An allosteric Akt inhibitor effectively blocks Akt signaling and tumor growth with only transient effects on glucose and insulin levels in vivo.

机构信息

Department of Cancer Research, Merck Research Laboratories, Rahway, NJ 07065, USA.

出版信息

Cancer Biol Ther. 2010 Apr 1;9(7):493-503. doi: 10.4161/cbt.9.7.11100.

DOI:10.4161/cbt.9.7.11100
PMID:20139722
原文链接:https://pmc.ncbi.nlm.nih.gov/articles/PMC2987445/
Abstract

The PI3K-Akt pathway is dysregulated in the majority of solid tumors.
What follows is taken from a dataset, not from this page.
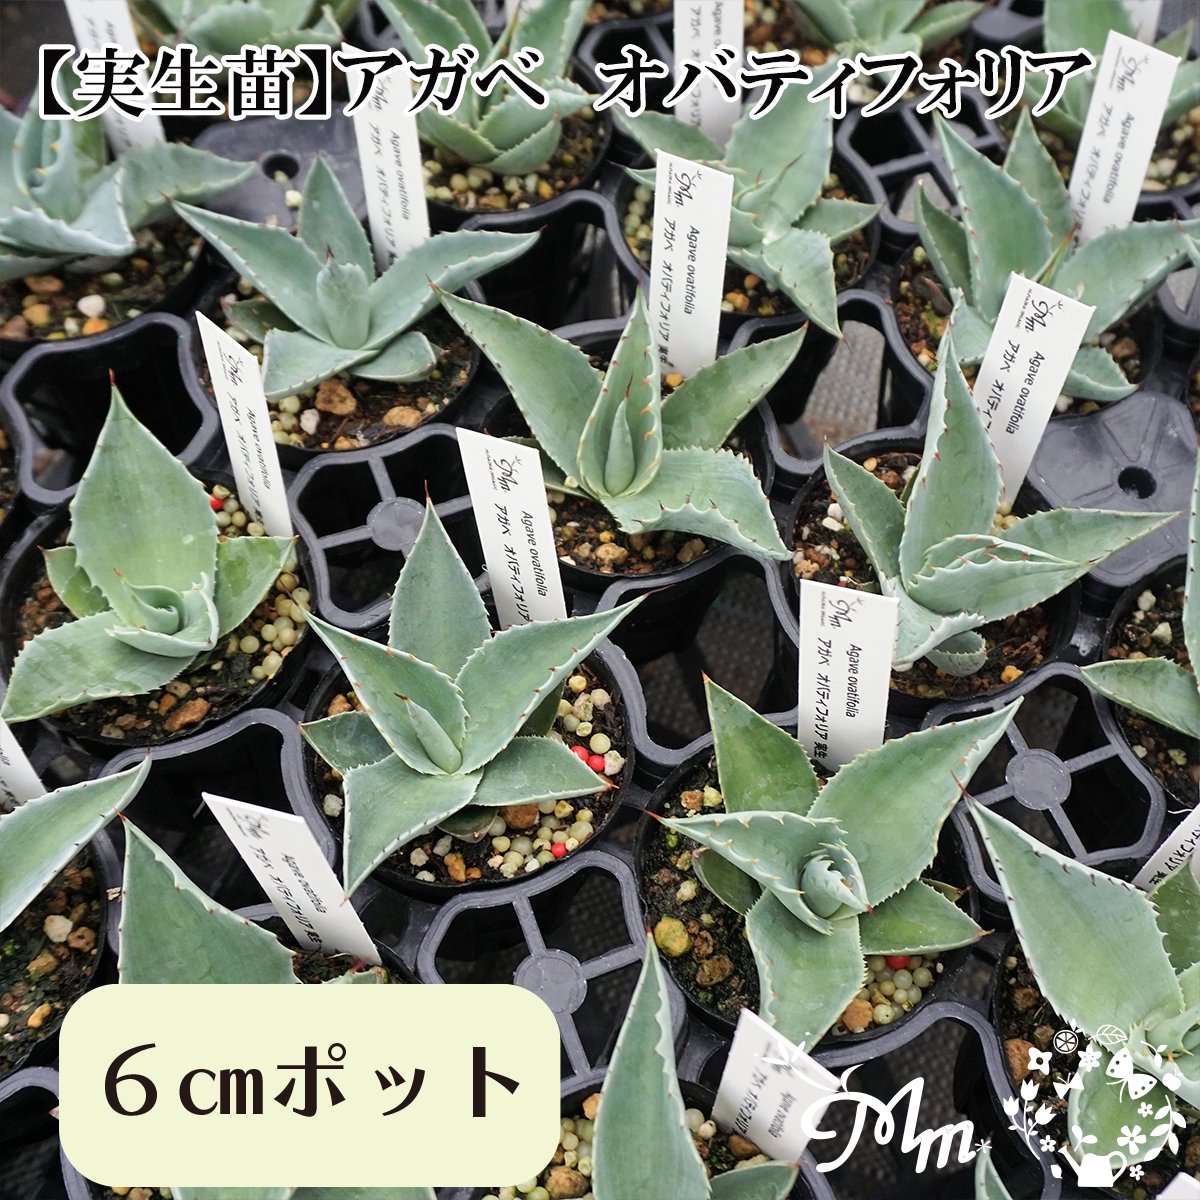 【実生苗(実生株)】Agave obatifolia(アガベ オバティフォリア)6㎝ポット苗

Pharmacological inhibition of Akt is a promising strategy for treating tumors resistant to growth factor receptor antagonists due to mutations in PI3K or PTEN. We have developed allosteric, isozyme-specific inhibitors of Akt activity and activation, as well as ex vivo kinase assays to measure inhibition of individual Akt isozymes in tissues. Here we describe the relationship between PK, Akt inhibition, hyperglycemia and tumor efficacy for a selective inhibitor of Akt1 and Akt2 (AKTi). In nude mice, AKTi treatment caused transient insulin resistance and reversible, dose-dependent hyperglycemia and hyperinsulinemia. Akt1 and Akt2 phosphorylation was inhibited in mouse lung with EC50 values of 1.6 and 7 μM, respectively, and with similar potency in other tissues and xenograft tumors. Weekly subcutaneous dosing of AKTi resulted in dose-dependent inhibition of LNCaP prostate cancer xenografts, an AR-dependent tumor with PTEN deletion and constitutively activated Akt. Complete tumor growth inhibition was achieved at 200 mpk, a dose that maintained inhibition of Akt1 and Akt2 of greater than 80% and 50%, respectively, for at least 12 hours in xenograft tumor and mouse lung. Hyperglycemia could be controlled by reducing C(max), while maintaining efficacy in the LNCaP model, but not by insulin administration. AKTi treatment was well tolerated, without weight loss or gross toxicities. These studies supported the rationale for clinical development of allosteric Akt inhibitors and provide the basis for further refining of pharmacokinetic properties and dosing regimens of this class of inhibitors.

摘要

PI3K-Akt 通路在大多数实体瘤中失调。由于 PI3K 或 PTEN 的突变,抑制 Akt 的药理学方法是治疗对生长因子受体拮抗剂耐药的肿瘤的一种有前途的策略。我们已经开发了 Akt 活性和激活的变构、同工酶特异性抑制剂,以及用于测量组织中单个 Akt 同工酶抑制的离体激酶测定法。在这里,我们描述了 PK、Akt 抑制、高血糖与 Akt1 和 Akt2(AKTi)选择性抑制剂的肿瘤疗效之间的关系。在裸鼠中,AKTi 治疗导致短暂的胰岛素抵抗和可逆的、剂量依赖性的高血糖和高胰岛素血症。Akt1 和 Akt2 的磷酸化在小鼠肺中被抑制,EC50 值分别为 1.6 和 7 μM,在其他组织和异种移植肿瘤中具有相似的效力。每周皮下给予 AKTi 导致 LNCaP 前列腺癌异种移植瘤的剂量依赖性抑制,这是一种 AR 依赖性肿瘤,具有 PTEN 缺失和持续激活的 Akt。在 200mpk 的剂量下,完全抑制肿瘤生长,该剂量在异种移植肿瘤和小鼠肺中至少 12 小时内保持 Akt1 和 Akt2 的抑制率大于 80%和 50%。通过降低 Cmax 可以控制高血糖,同时保持 LNCaP 模型中的疗效,但不能通过胰岛素给药。AKTi 治疗耐受性良好,无体重减轻或明显毒性。这些研究支持开发变构 Akt 抑制剂的临床研究,并为进一步优化此类抑制剂的药代动力学特性和剂量方案提供了依据。